Data excerpt:
────────────────────
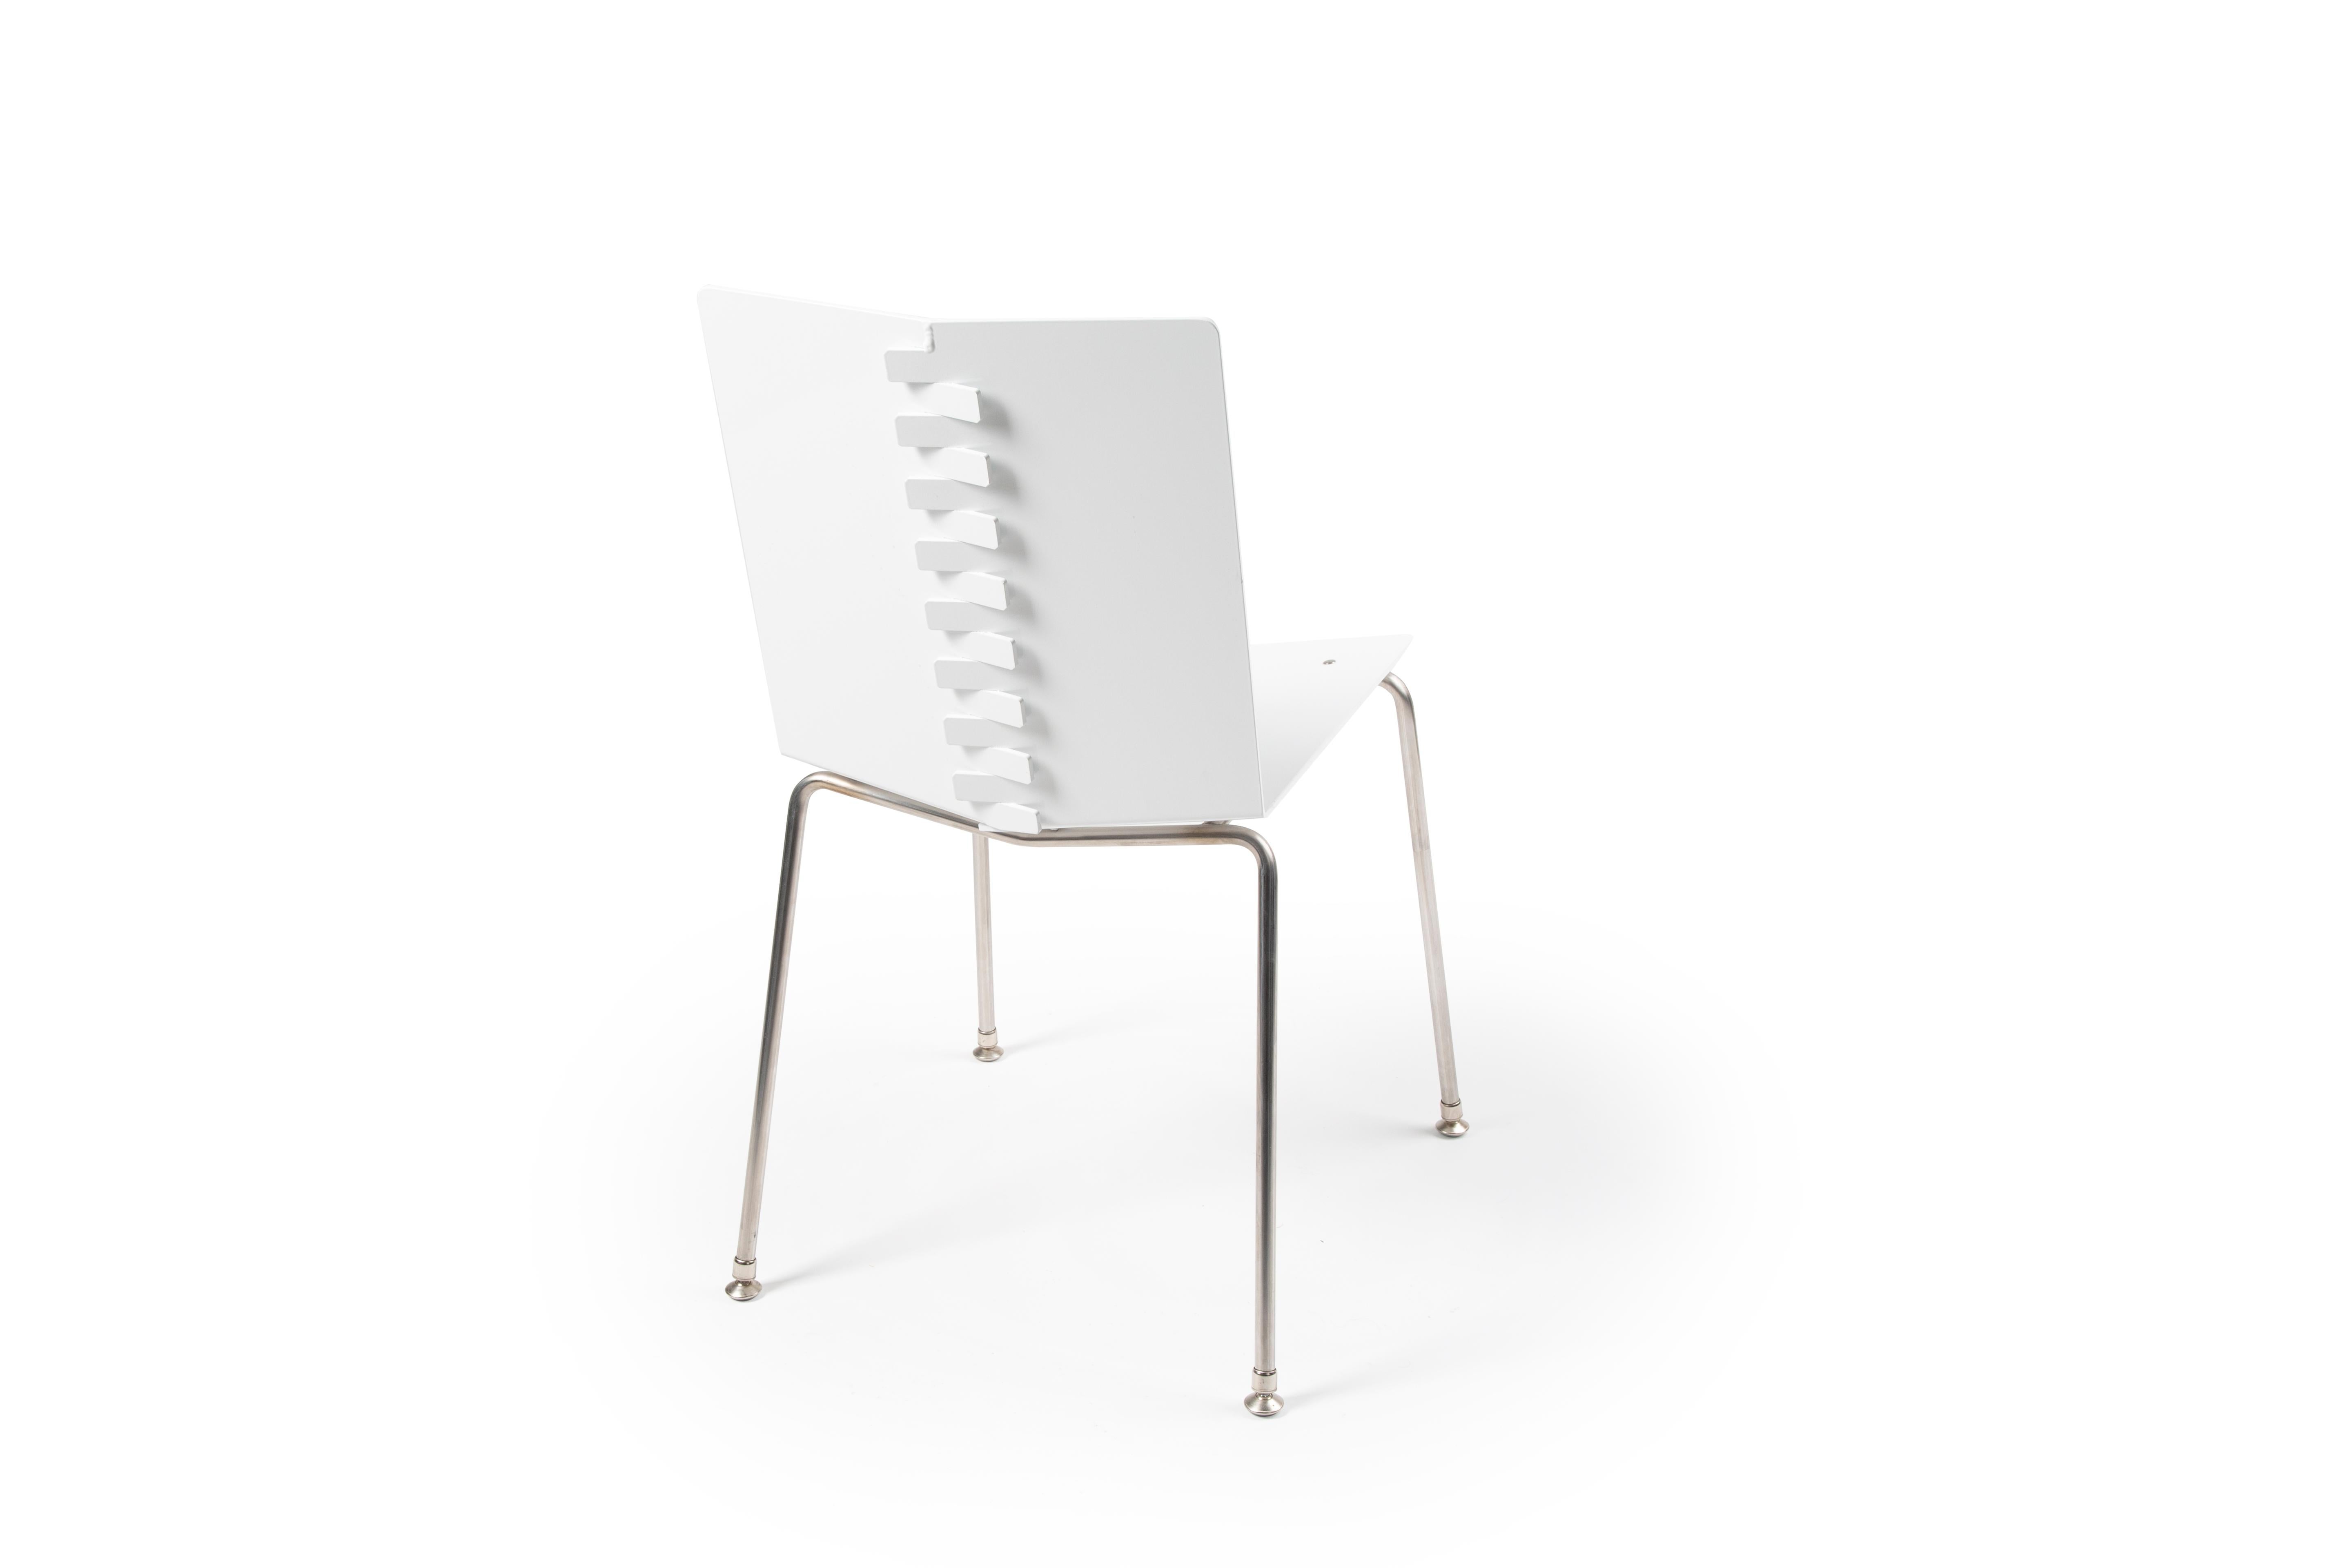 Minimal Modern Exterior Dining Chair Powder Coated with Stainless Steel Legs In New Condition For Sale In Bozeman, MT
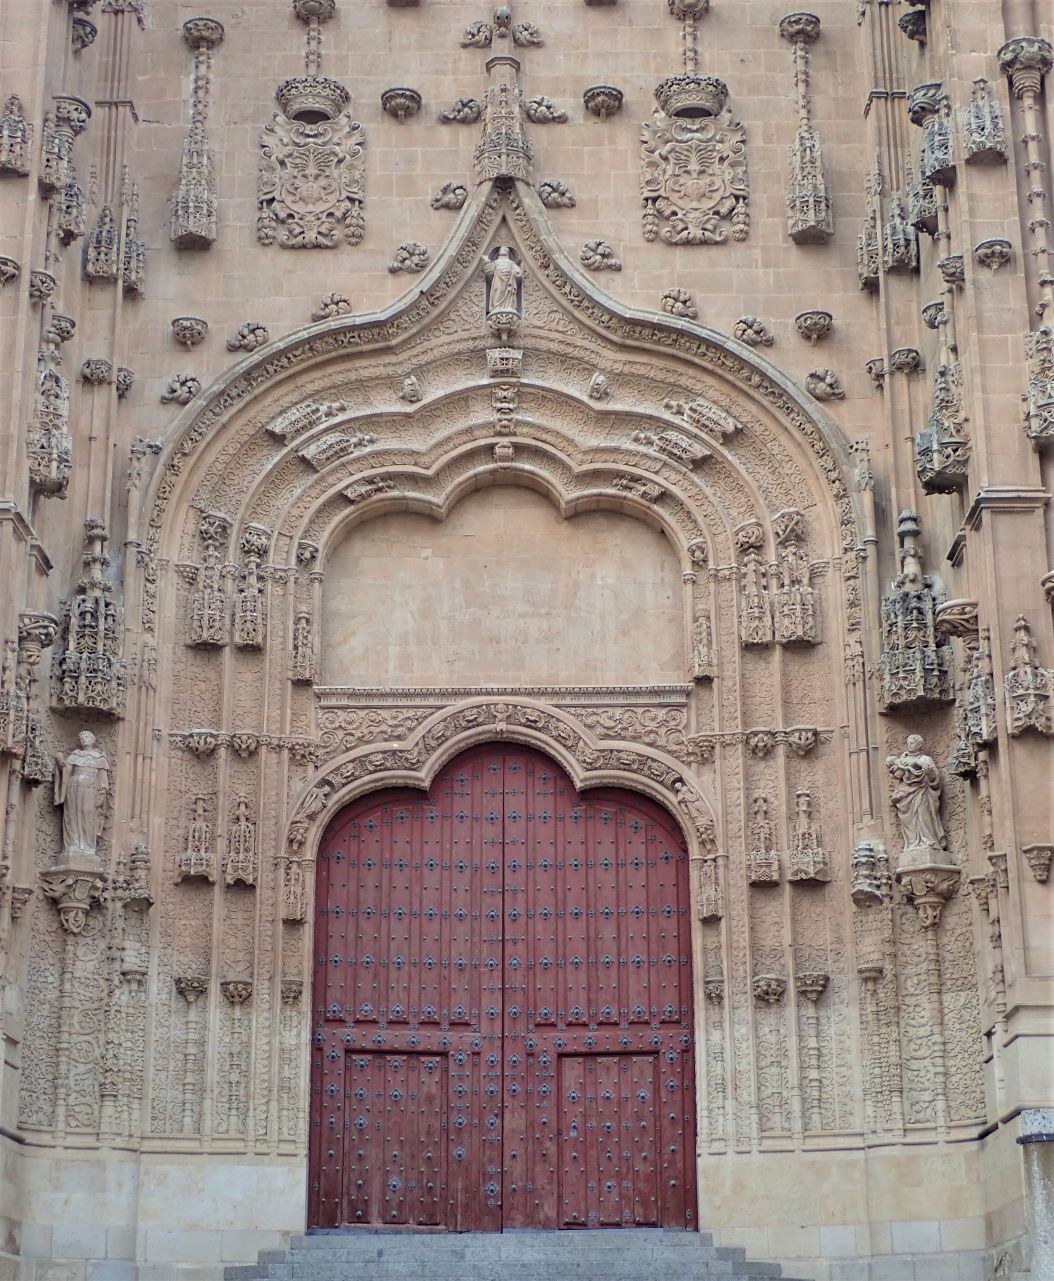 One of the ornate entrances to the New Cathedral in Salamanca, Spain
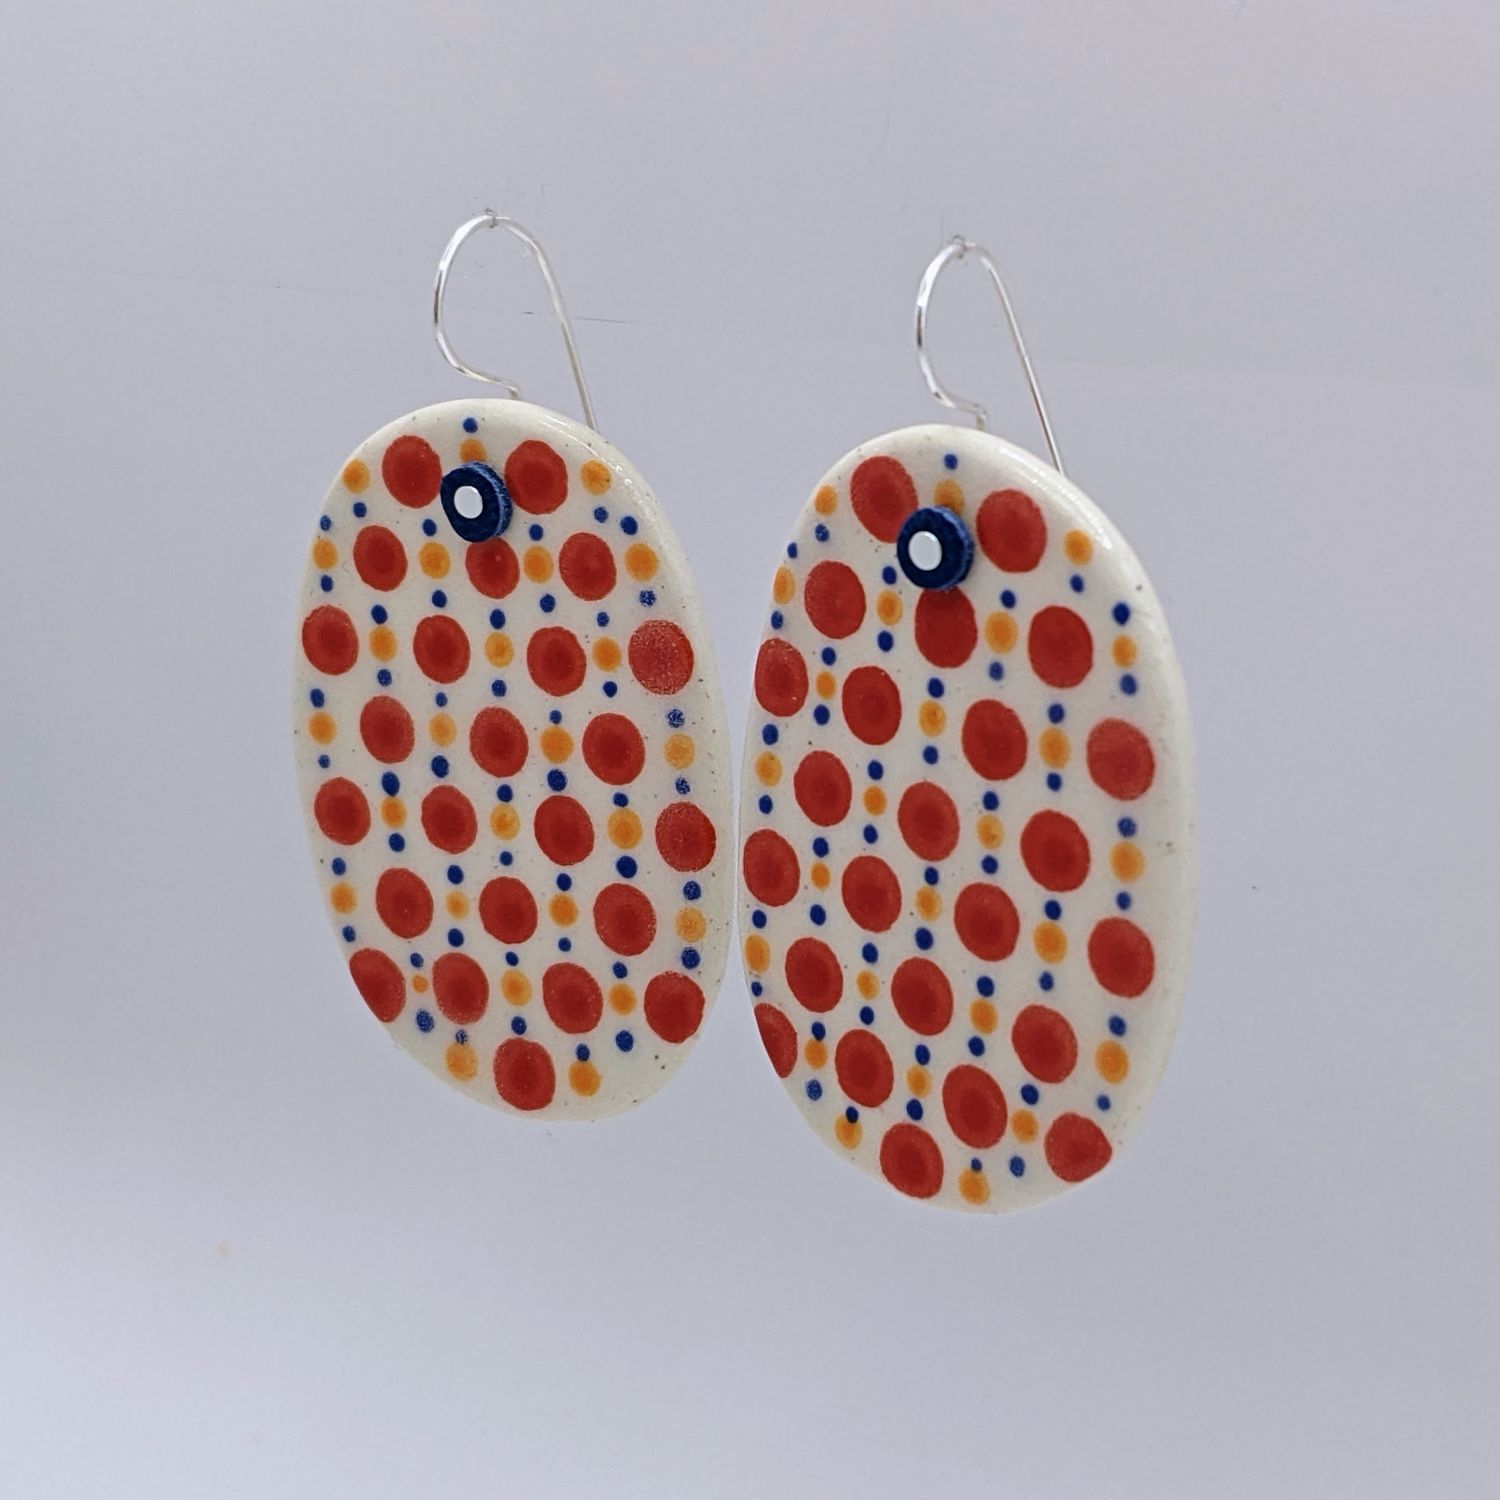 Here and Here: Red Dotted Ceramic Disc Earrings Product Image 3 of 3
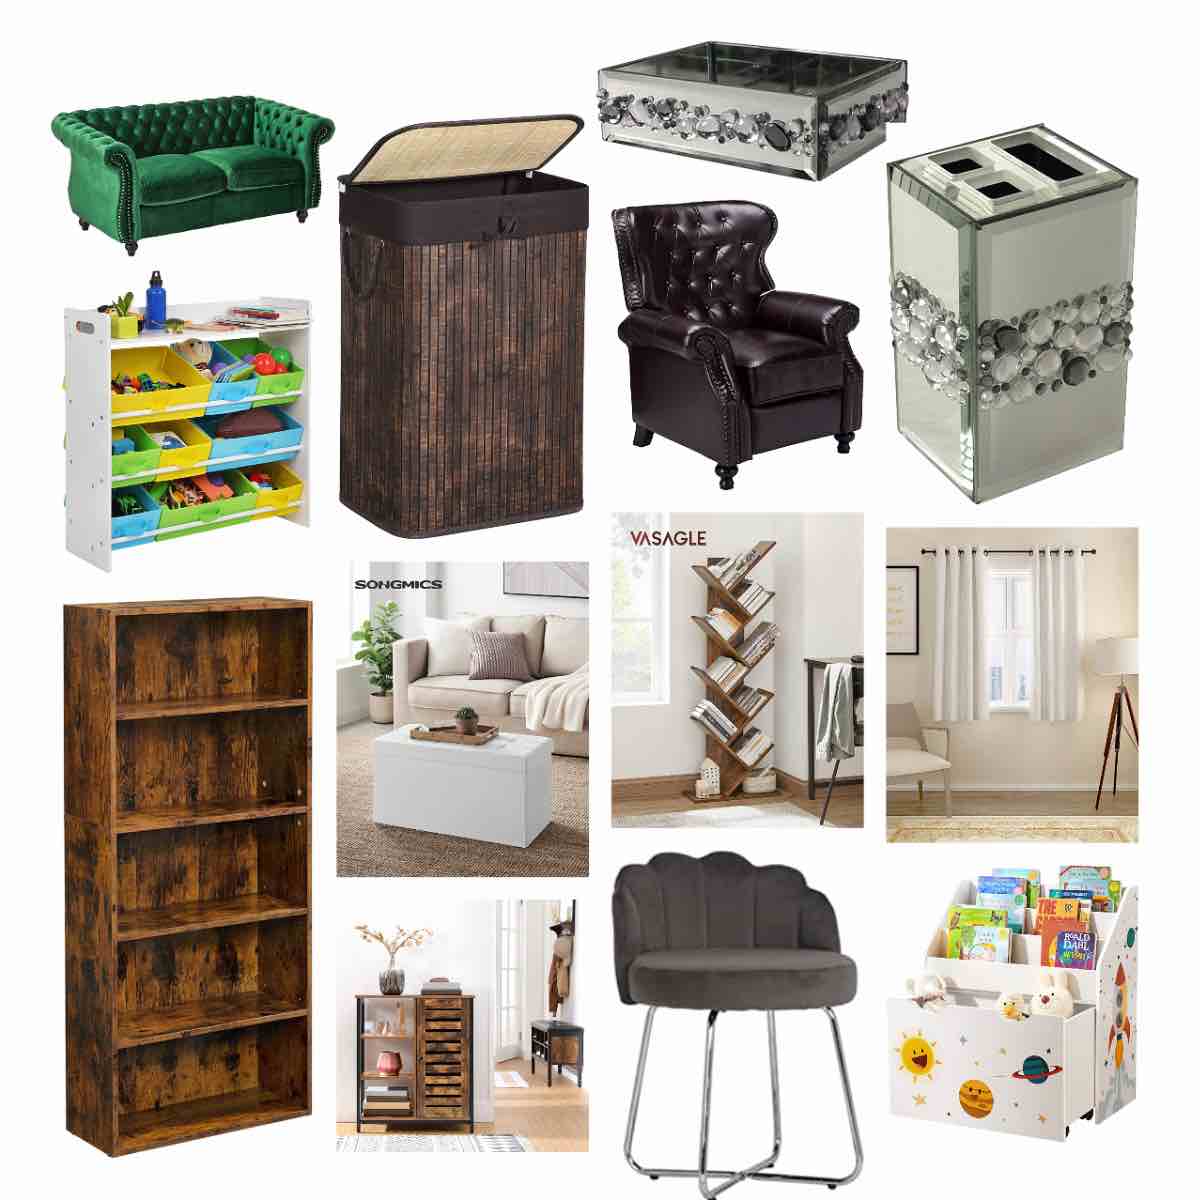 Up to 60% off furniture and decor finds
────────────────────
Exercise directions:
Output the data above exactly; pictures do not belong in the copy.

Response:
 Minimal Modern Exterior Dining Chair Powder Coated with Stainless Steel Legs In New Condition For Sale In Bozeman, MT
 One of the ornate entrances to the New Cathedral in Salamanca, Spain
 Here and Here: Red Dotted Ceramic Disc Earrings Product Image 3 of 3
 Up to 60% off furniture and decor finds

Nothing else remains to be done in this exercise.